TASK GOAL: Output nothing except the lines from the one containing "RA, Folketelling 1891" through the final line of the data, both included, typed exactly, minus the pictures.

DATASET SECTION:
※

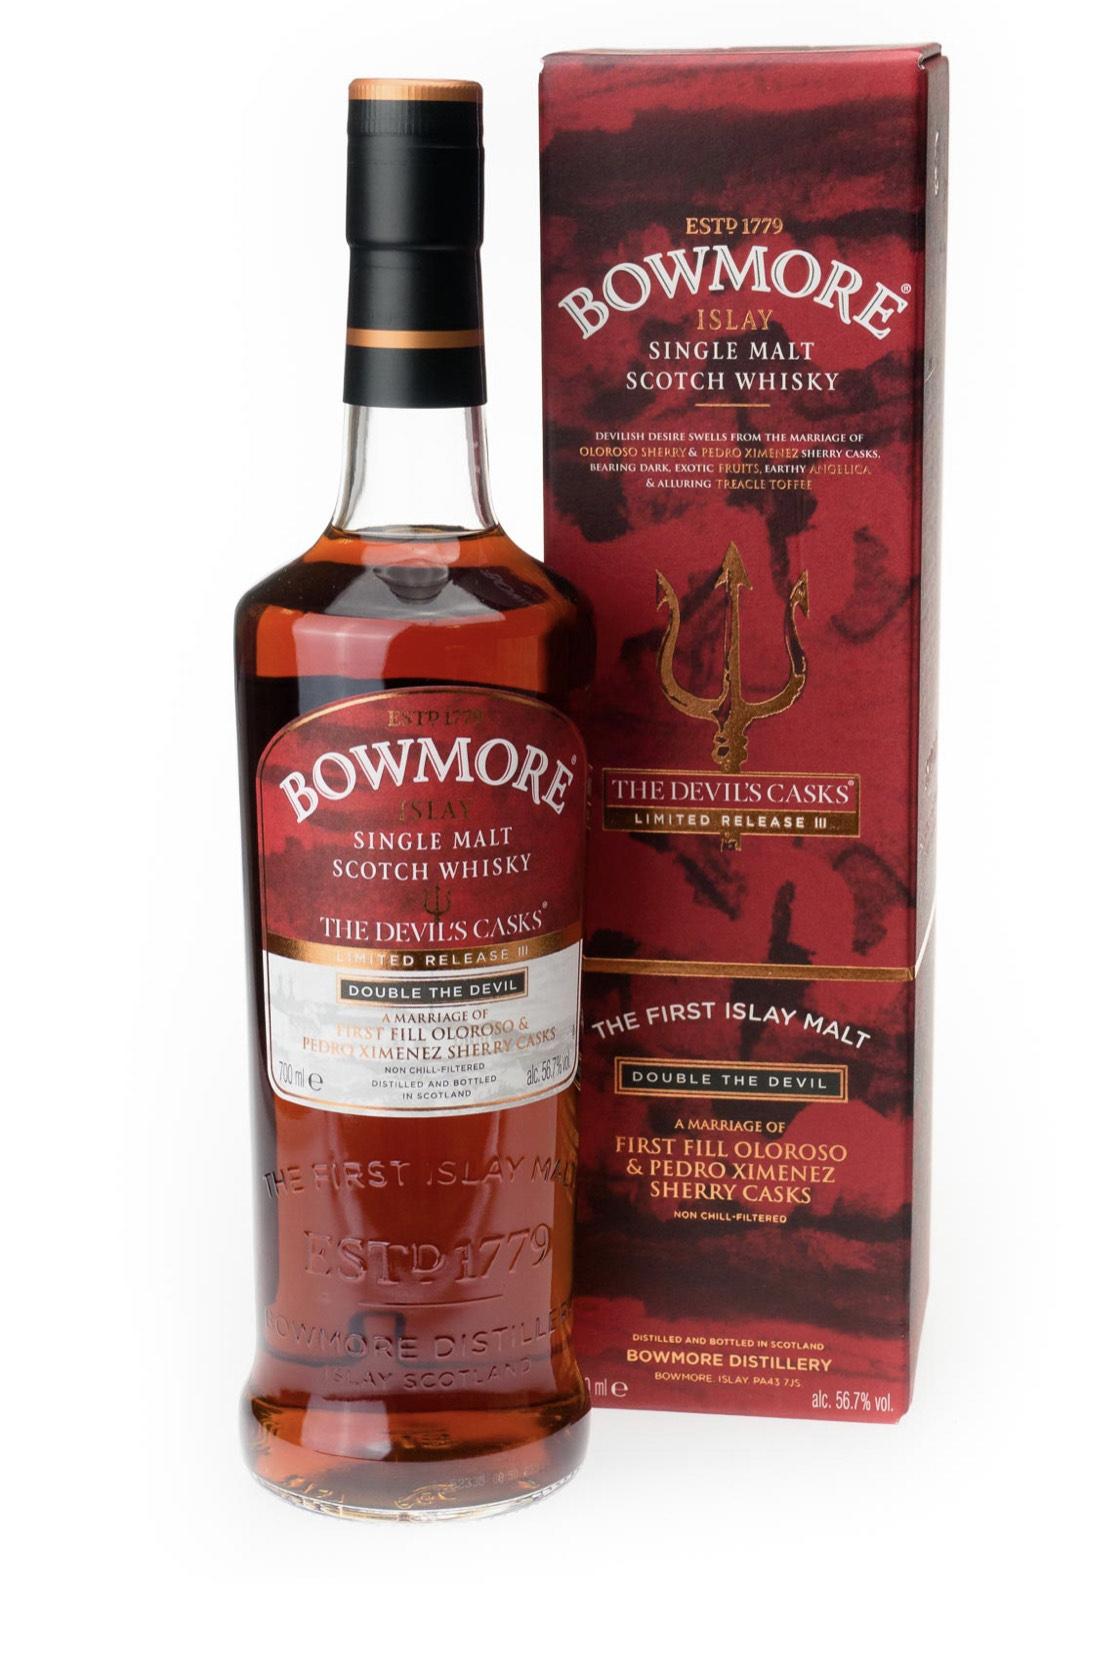 Bowmore Devils Cask III Single Malt Scotch Whisky
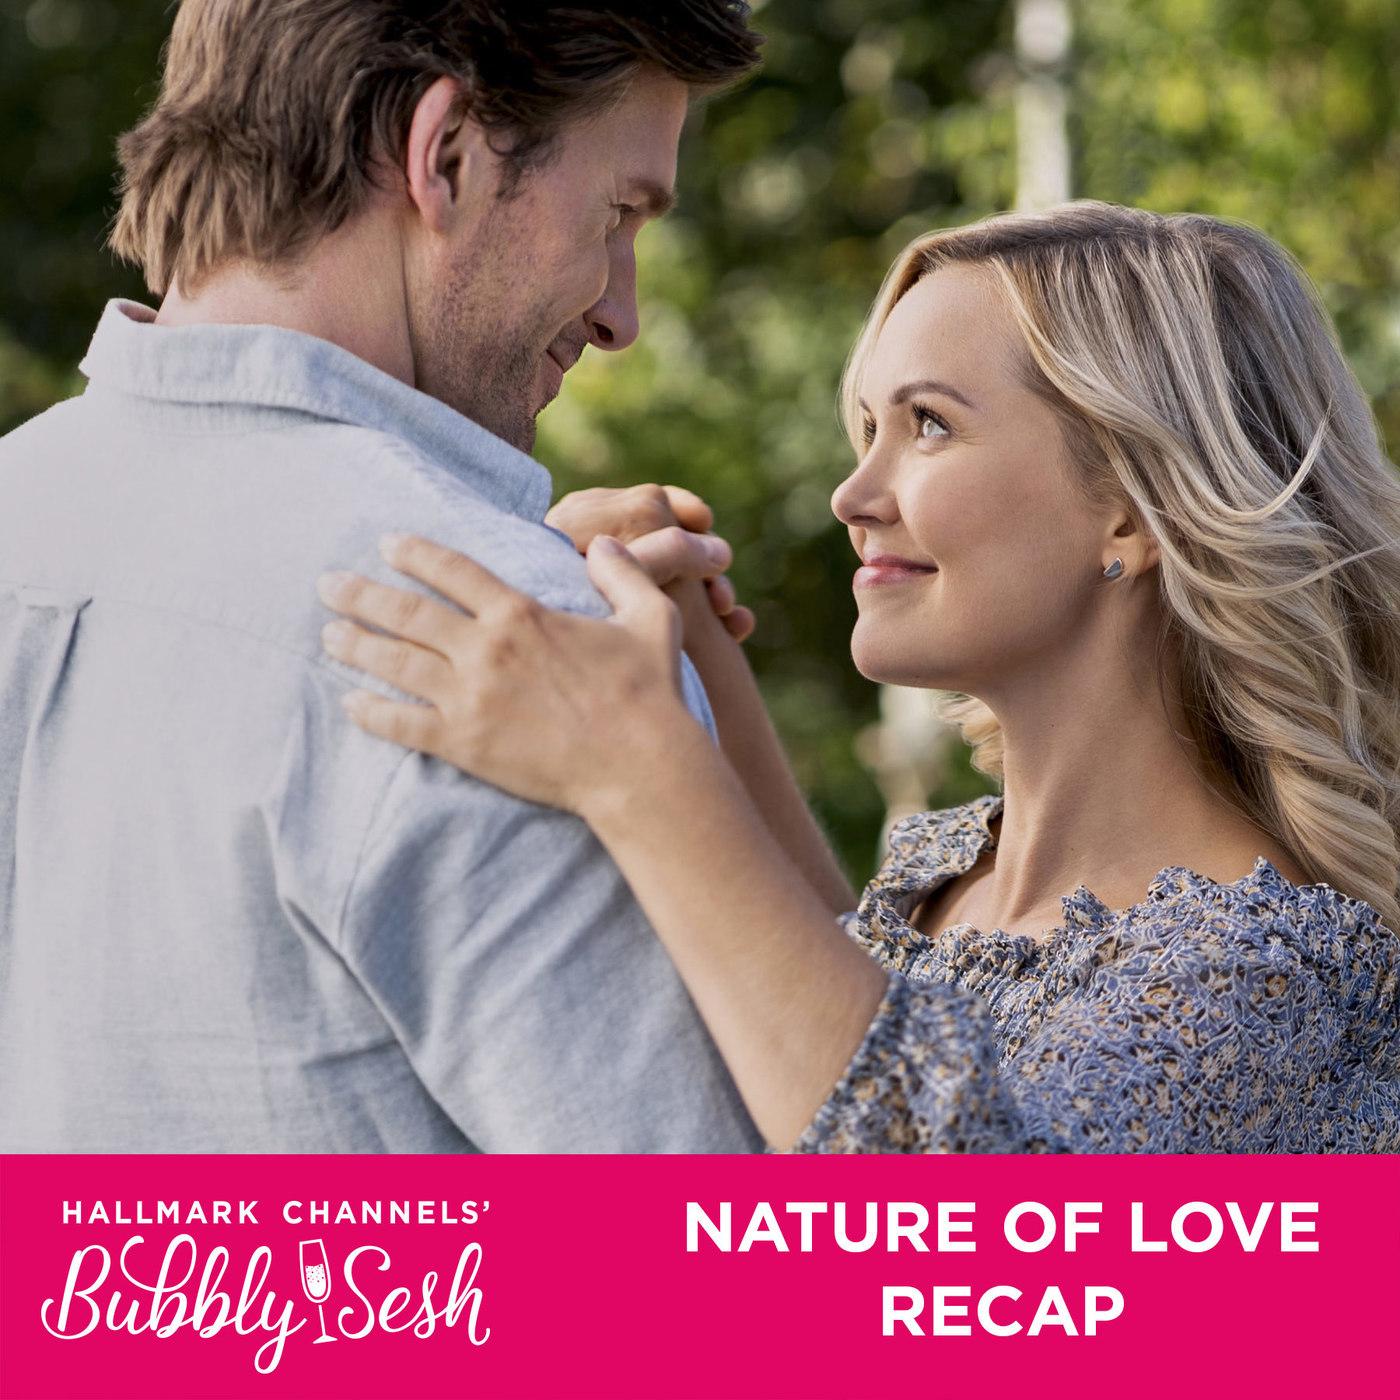 Nature of Love Recap
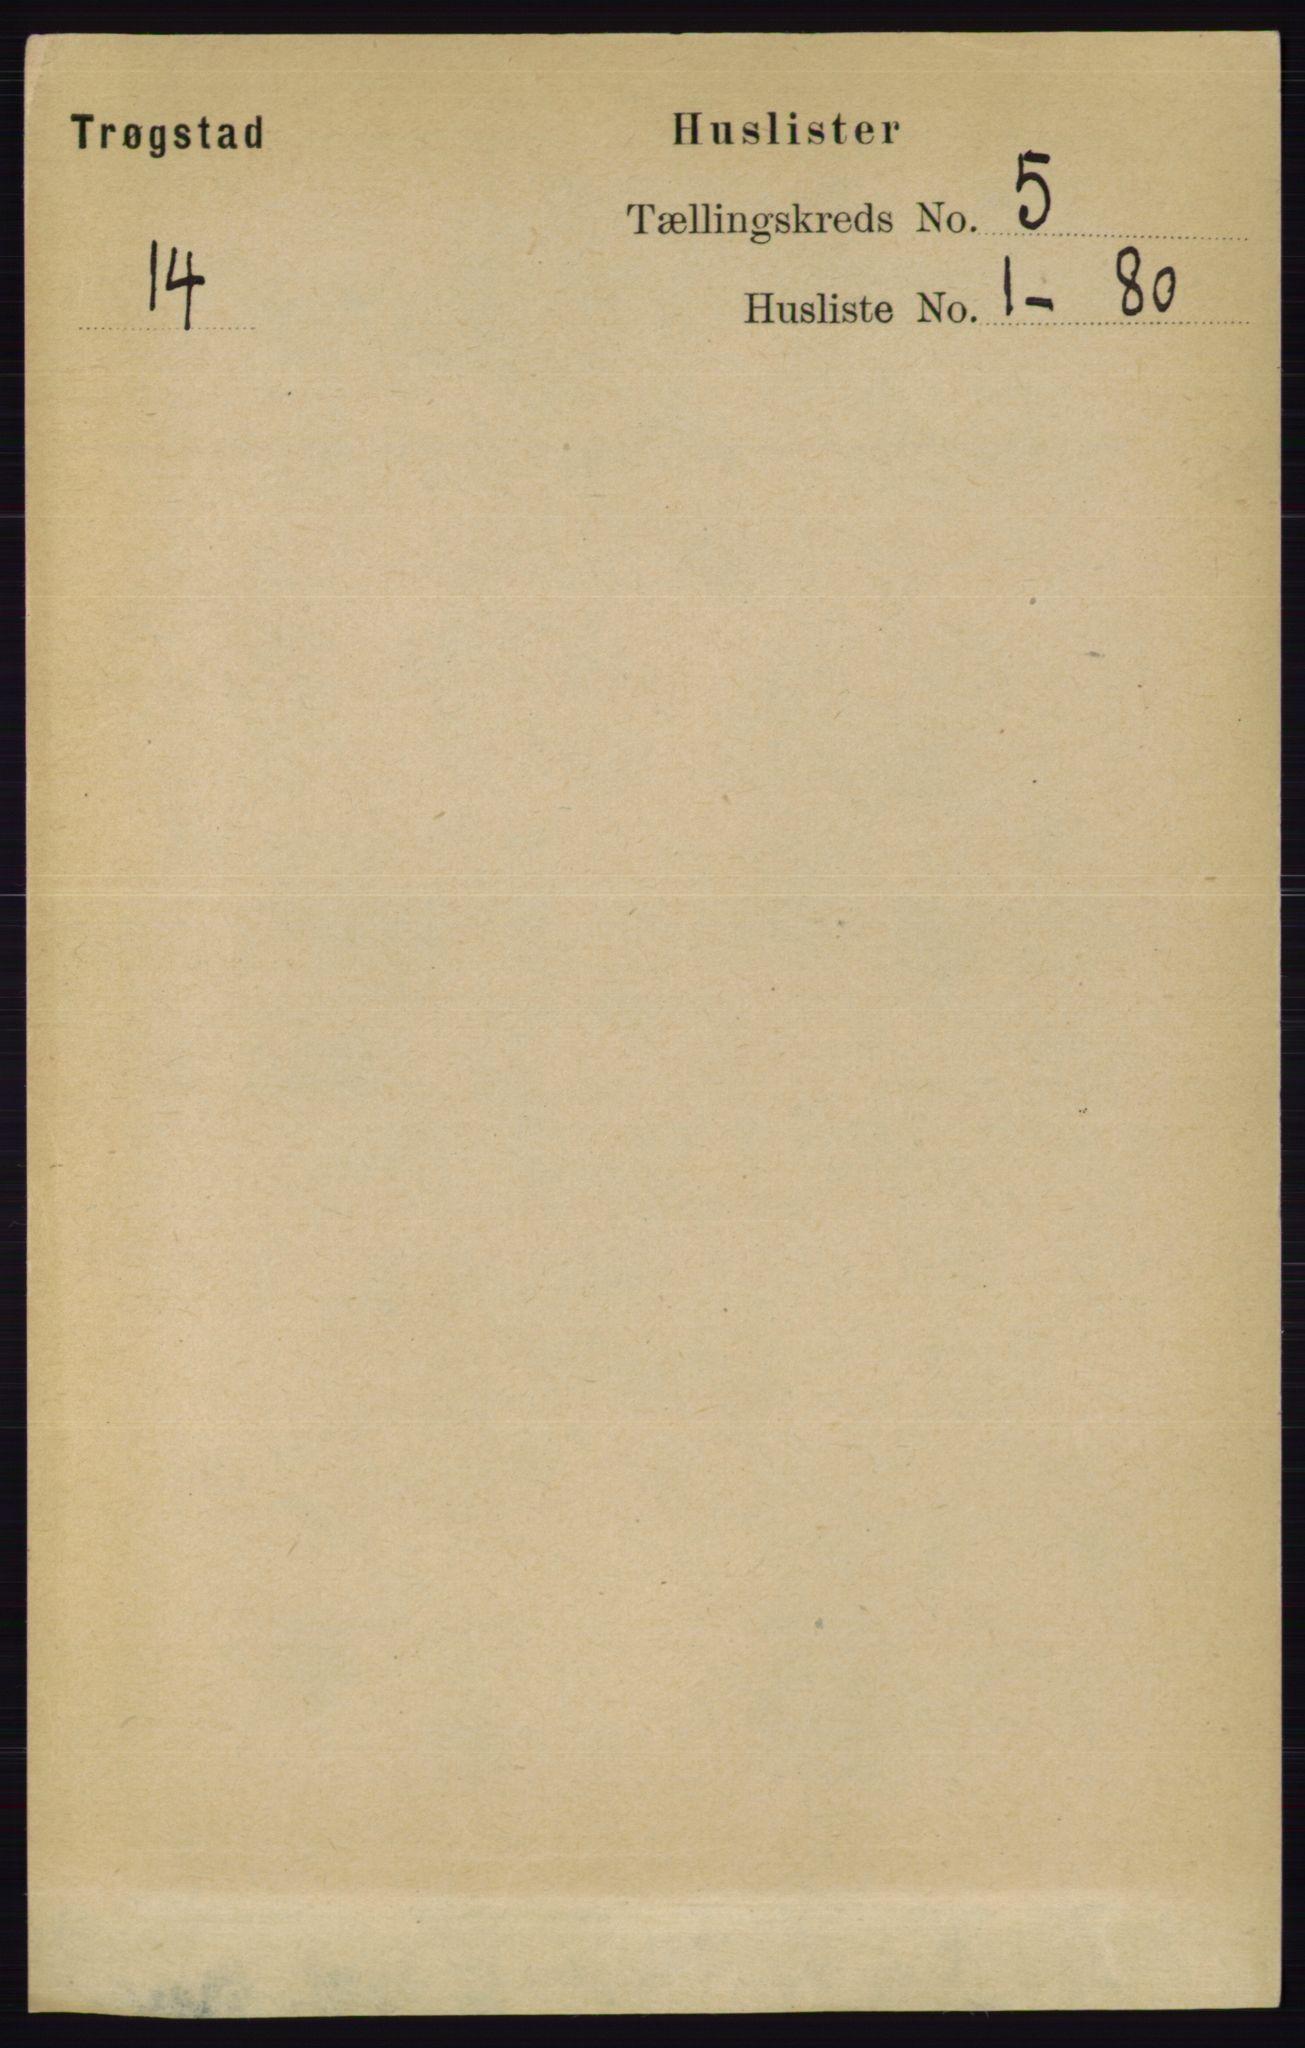 RA, Folketelling 1891 for 0122 Trøgstad herred, 1891, s. 1943
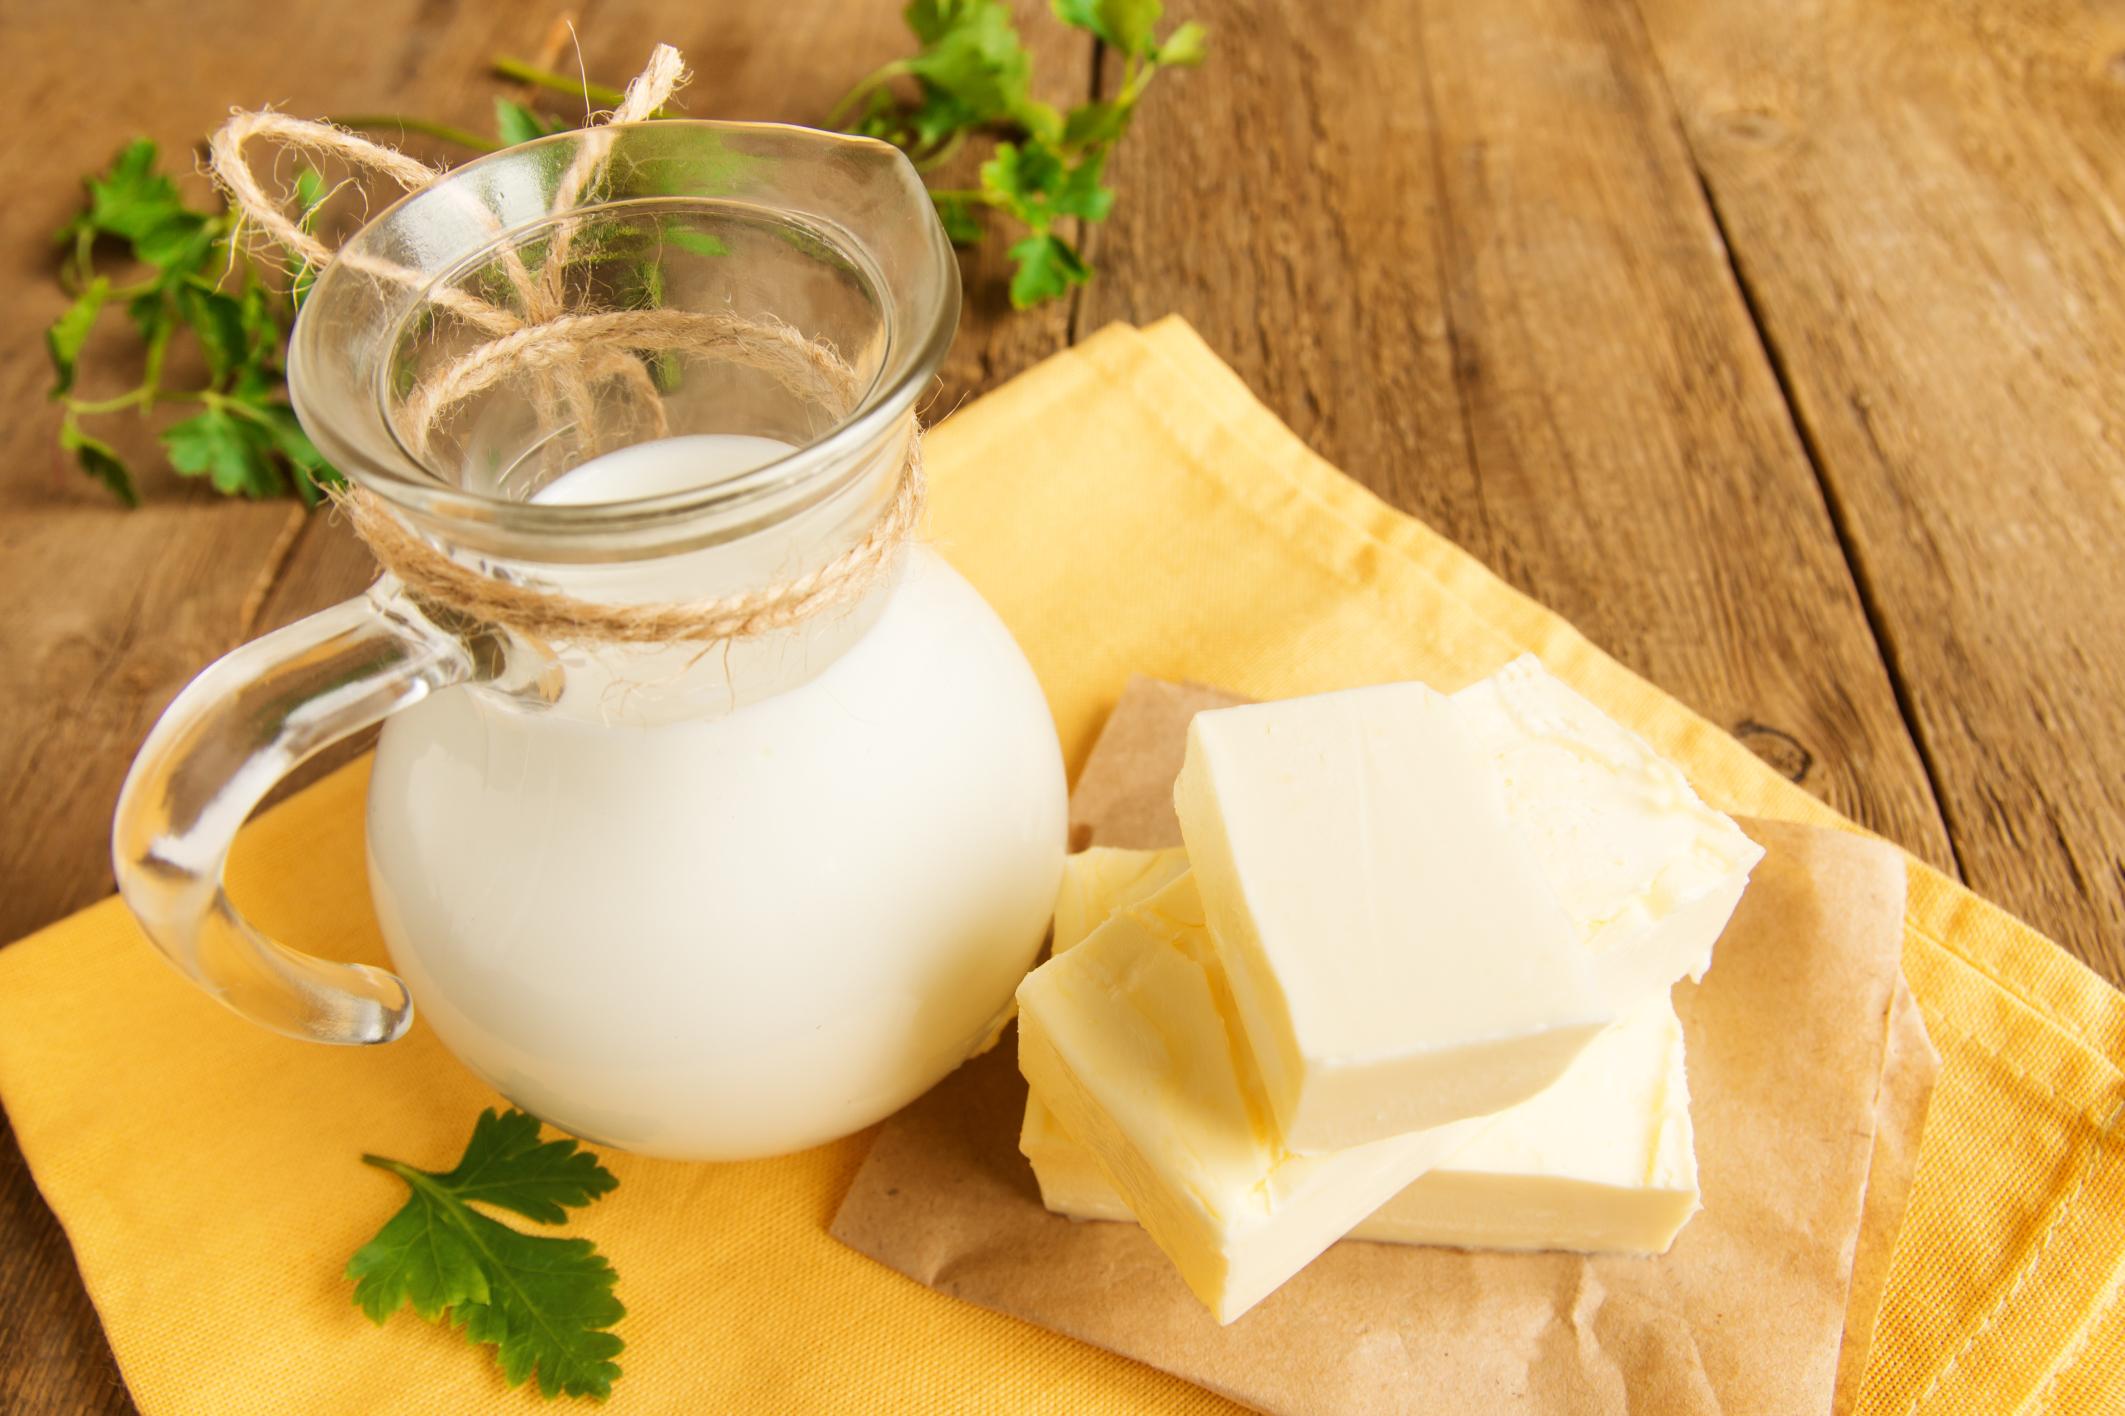 Как сделать сливки в домашних условиях из молока и масла

※

RESULT:
 RA, Folketelling 1891 for 0122 Trøgstad herred, 1891, s. 1943
 Как сделать сливки в домашних условиях из молока и масла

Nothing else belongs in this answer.